> _DATASET CONTENT_:
___

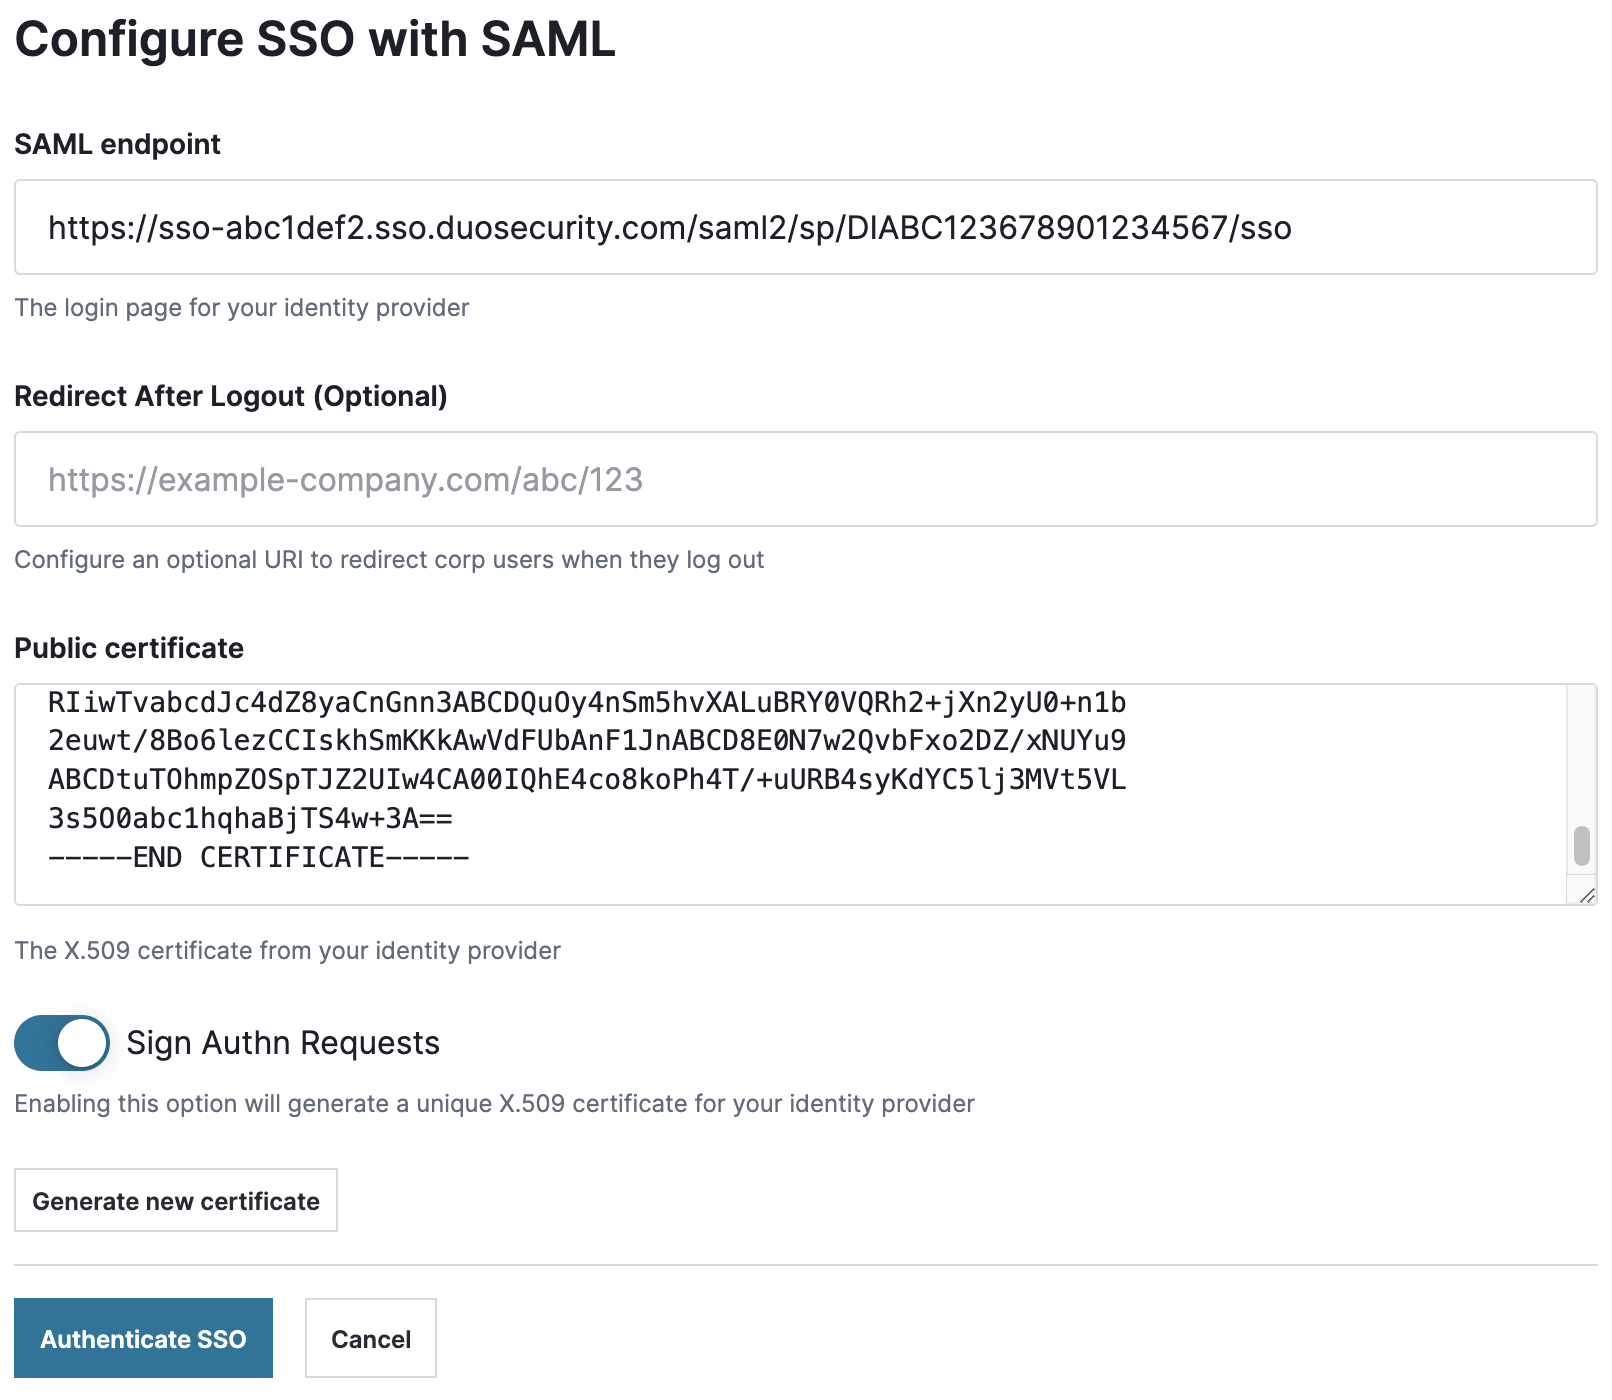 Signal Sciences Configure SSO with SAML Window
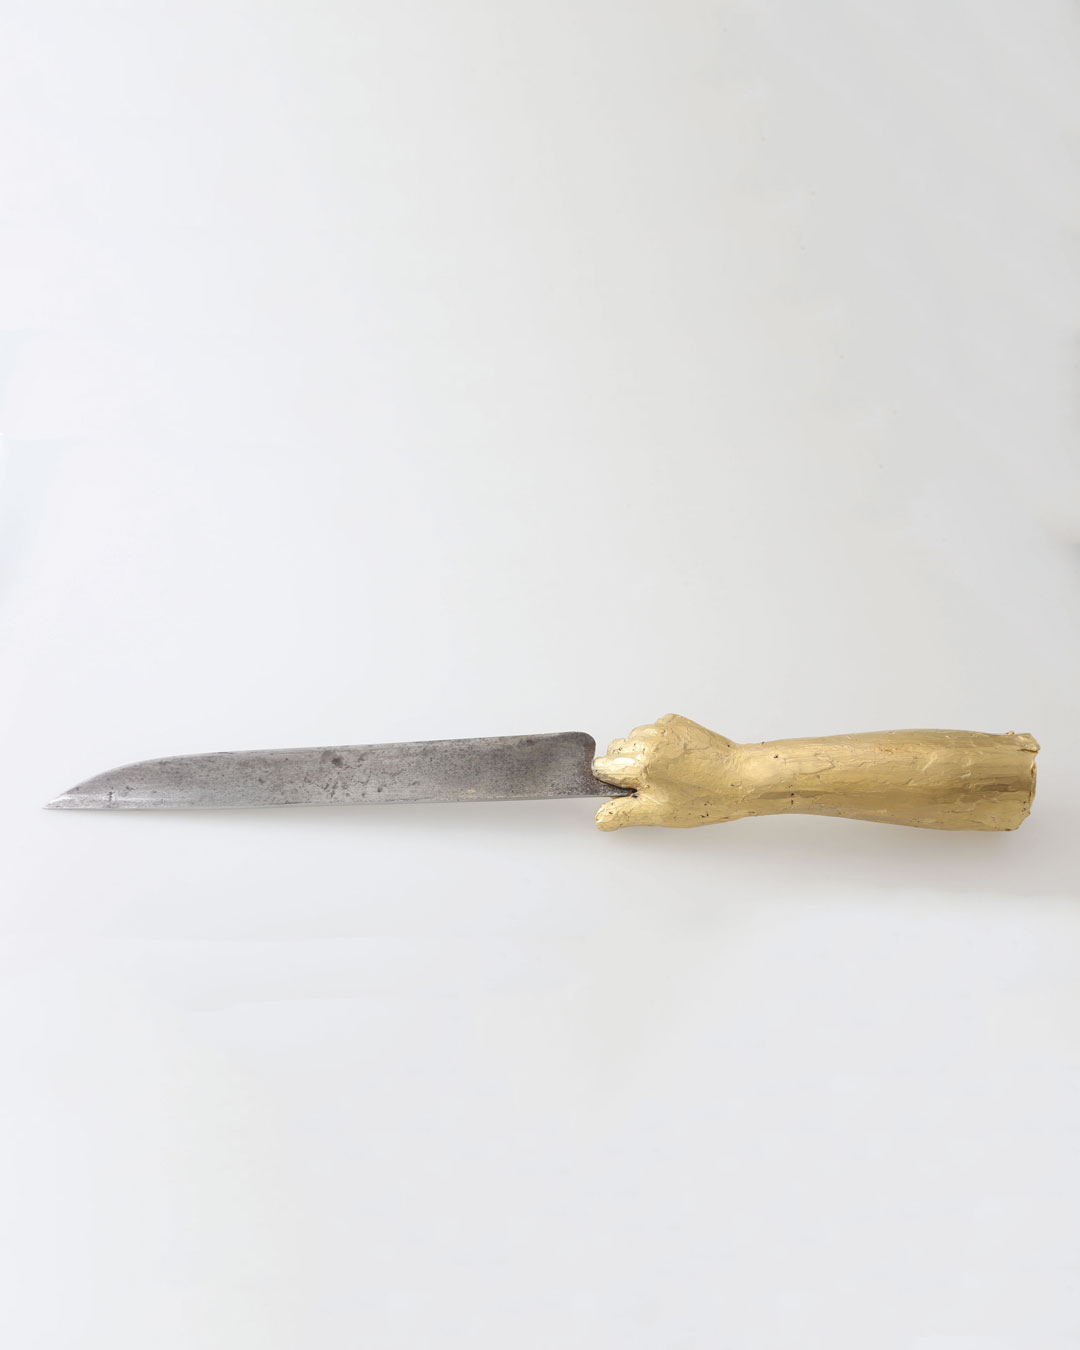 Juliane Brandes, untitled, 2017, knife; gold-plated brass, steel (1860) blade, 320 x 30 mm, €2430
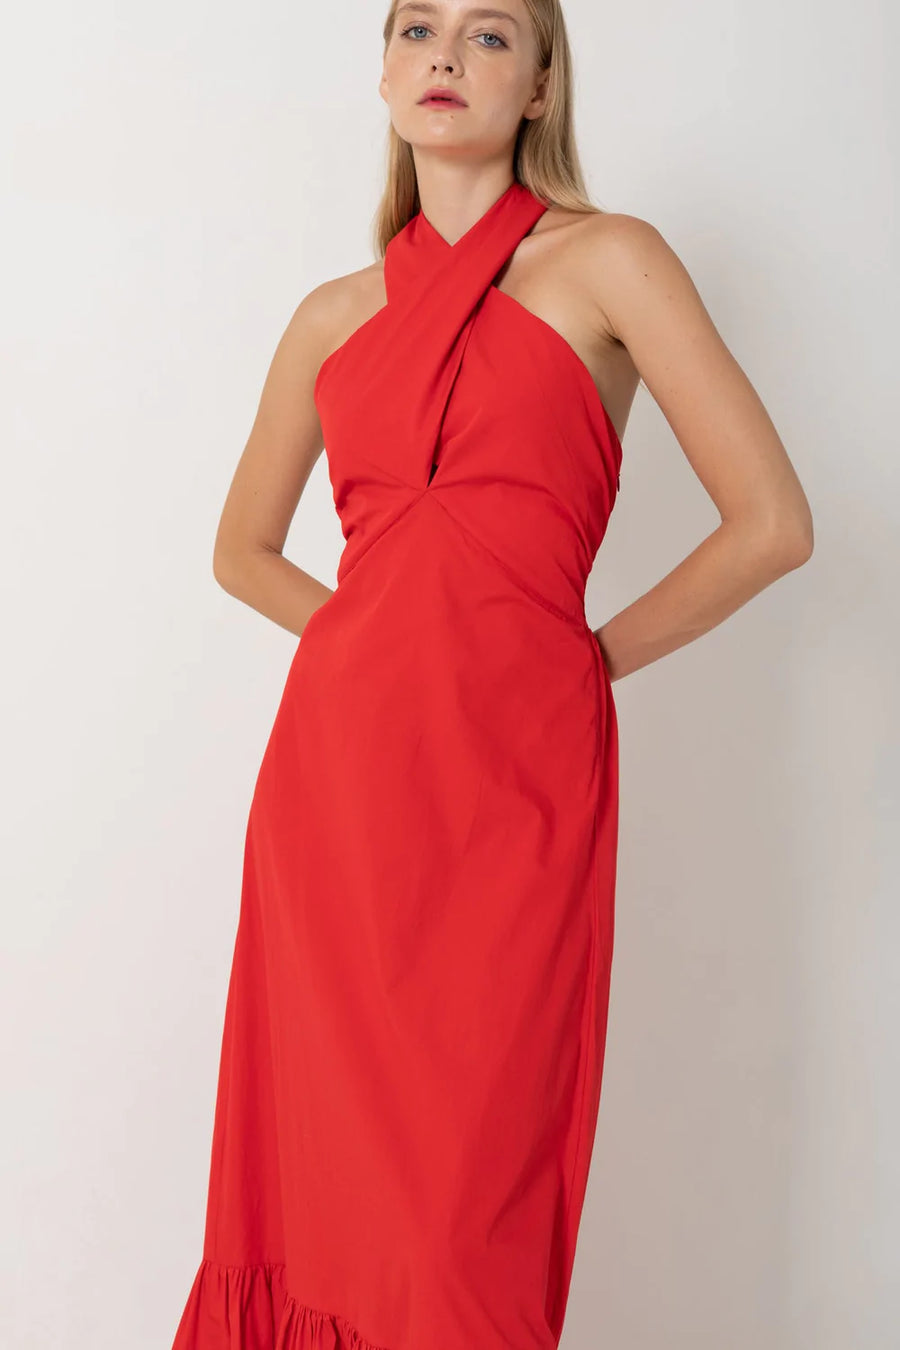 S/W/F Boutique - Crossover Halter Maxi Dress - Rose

___

Since the pictures are not wanted, transcribe only the rest of the material above, exactly as it stands.

> _TASK RESULT_:
 Signal Sciences Configure SSO with SAML Window
 Juliane Brandes, untitled, 2017, knife; gold-plated brass, steel (1860) blade, 320 x 30 mm, €2430
 S/W/F Boutique - Crossover Halter Maxi Dress - Rose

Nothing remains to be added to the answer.